I’m so mad. I swear, he’s cheated. Doesn’t he know that being hungover is NOT the right time to make decisions? He was all sweet and totally “in love” and then 20 hours later he’s already single again on Facebook?! Oh, and then he’s all like “say when, say when” about talking…finally!! Whatever!
I was told! My neighbour Jane told me, "don't fall in love with the boyfriend; you'll only get hurt!"....gawd, she's so right...
It’s happened. I’ve been taken to the dark side. Today, I fully experienced Dating 2.0. Oh, it’s not me by the way. By virtue of Facebook, I am completely vicariously living through my 17 year old daughter’s boyfriend drama first hand and now I know that I'm not ready for her to be dating or rather, I’m just not ready for minding her relationship in real-time, or Dating 2.0 that is.

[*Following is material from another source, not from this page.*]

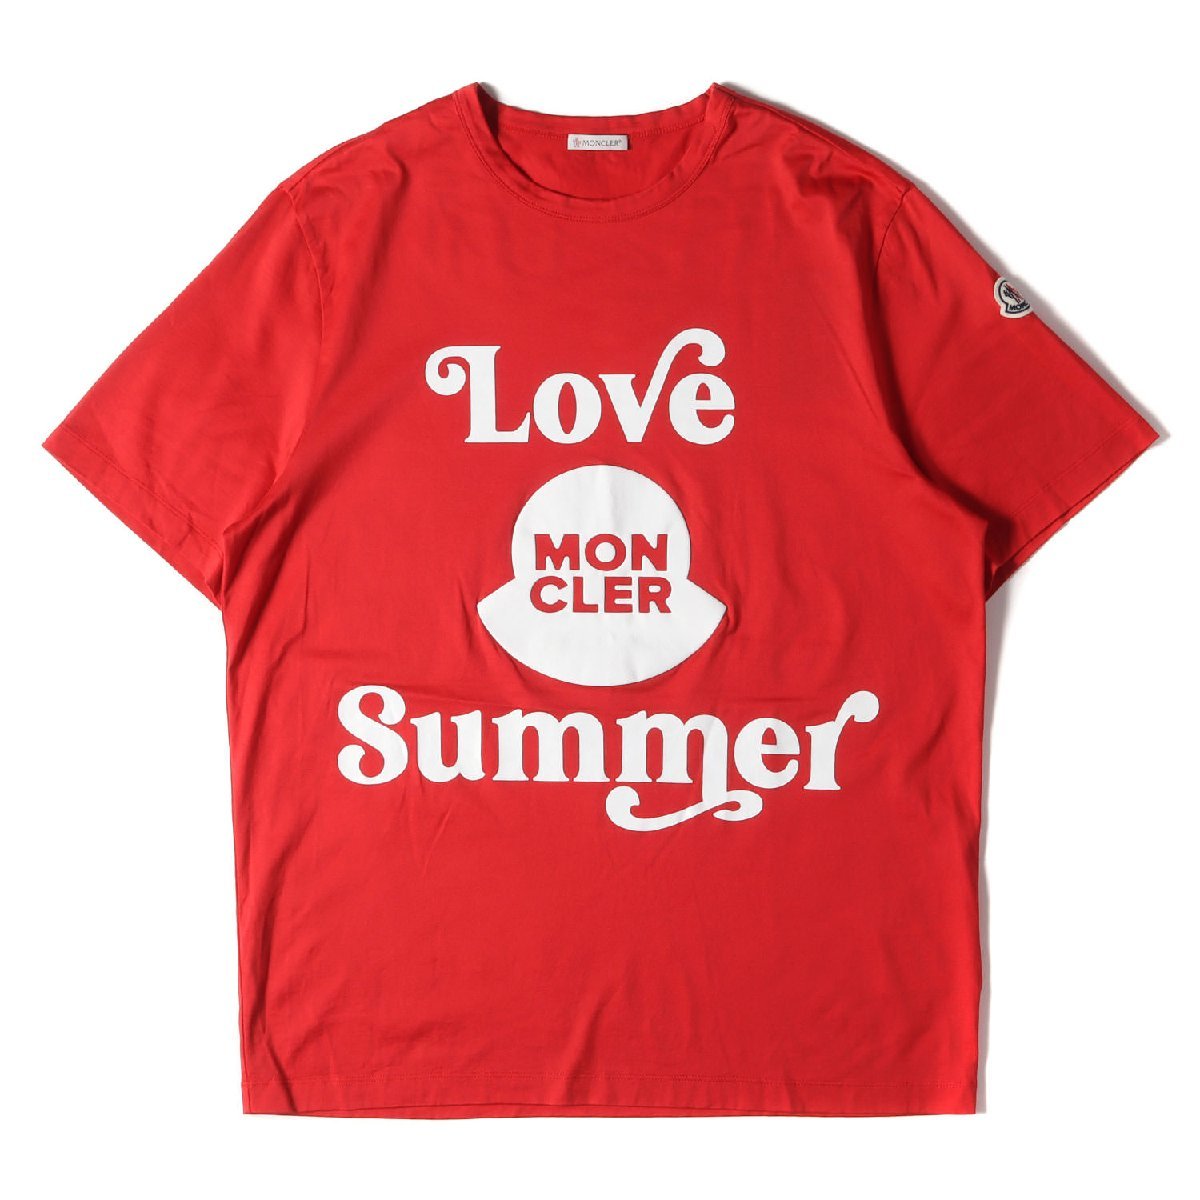 注目ショップ・ブランドのギフト Summer Love 21SS サイズ:L Tシャツ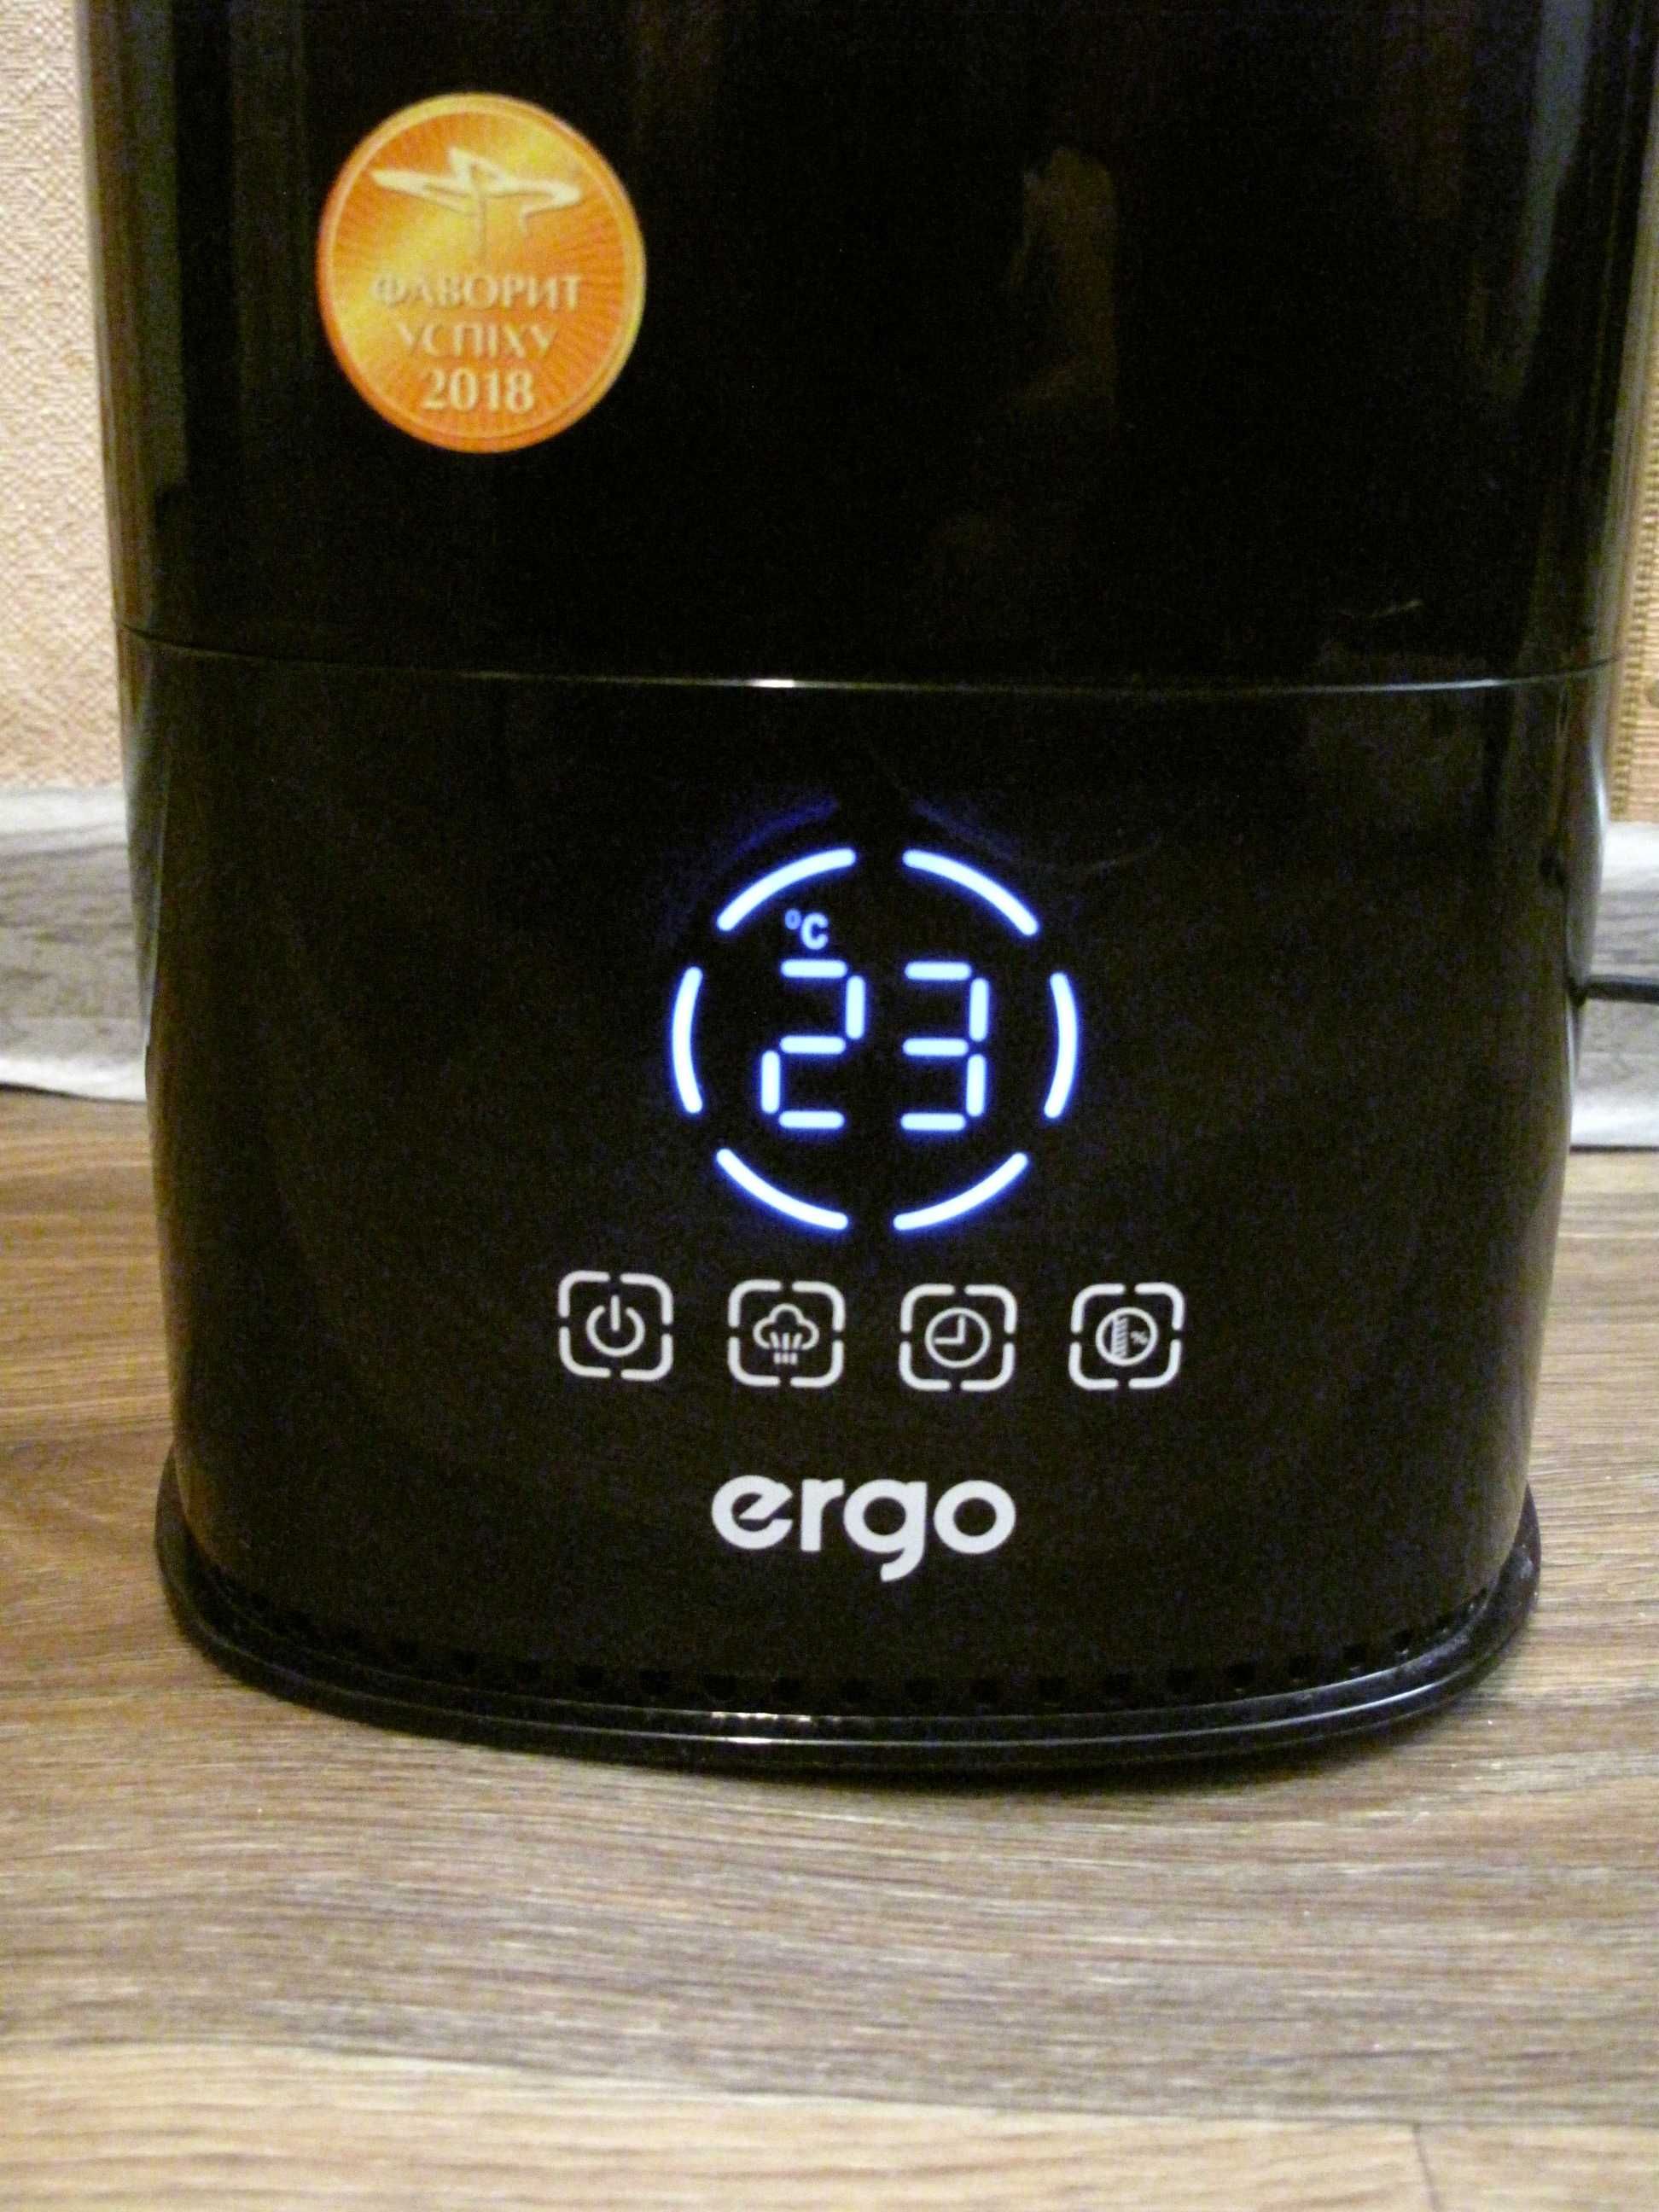 Увлажнитель воздуха Ergo, гигрометр, термометр, таймер.

At one point, I encouraged her dating and by that I mean old school dating; going out a few times or hanging out casually until you figured out if you liked someone enough to actually be “going out”; not “hooking up” first and then determining if they’re worthy enough.
I fully supported her in being open and receptive to different types of guys; guys who had reputations for being "players" or "bad news" and giving them a chance to reveal who they really are (without getting too close mind you!). Quiet guys; encouraging her to encourage them to open up. Guys who are seemingly the super nice guys; being hopeful that they really are the super nice guys. That of course was all when I would pop into her room and ask her who she was IMing and talking to her openly and freely and loving the fact that she trusted me enough to talk openly to me about her fears and hopes regarding guys and the whole dating scene and being able to walk away.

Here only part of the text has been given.